Predictive Modeling and Cross-Validation

Anyone can do a fair job of describing last year's performance. But without the right tools and the most modern techniques, building a model to predict what will happen with new customers, new processes or new risks becomes much more difficult. JMP Pro includes a rich set of algorithms for building better models of your data. Some of the most useful techniques for predictive modeling are decision trees, bootstrap forest, Naive Bayes and neural networks.

The Partition platform in JMP Pro automates the tree-building process with modern methods. This platform also fits K nearest neighbors (K-NN) models.

The bootstrap forest, which uses a random-forest technique, grows dozens of decision trees using random subsets of the data and averages the computed influence of each factor in these trees. The boosted tree technique builds many simple trees, repeatedly fitting any residual variation from one tree to the next.

The Naive Bayes platform uses the principles of Bayes’ Theorem to allow you to predict a categorical response.
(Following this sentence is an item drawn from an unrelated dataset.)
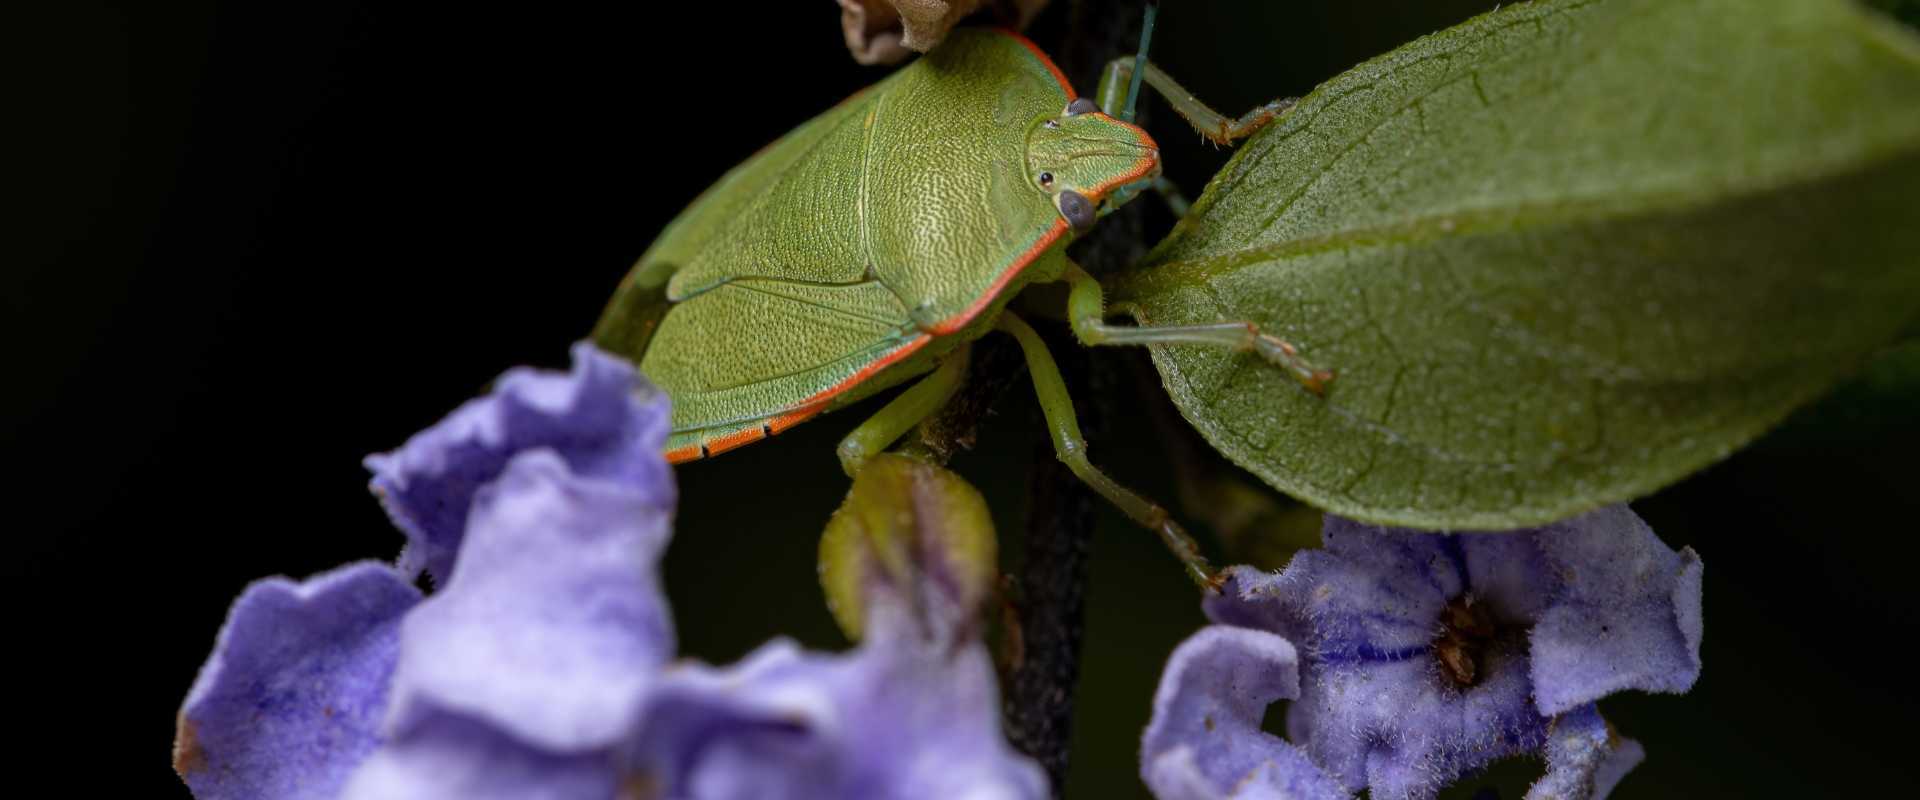 green stink bugs

The platform even allows predictions for combinations of predictors that do not appear in your data.

The advanced Neural platform lets you build one- or two-layer neural networks with your choice of three activation functions and also provides automatic model construction using gradient boosting. The platform automatically handles missing values and transformation of continuous X’s, which saves time and effort and includes robust fitting options.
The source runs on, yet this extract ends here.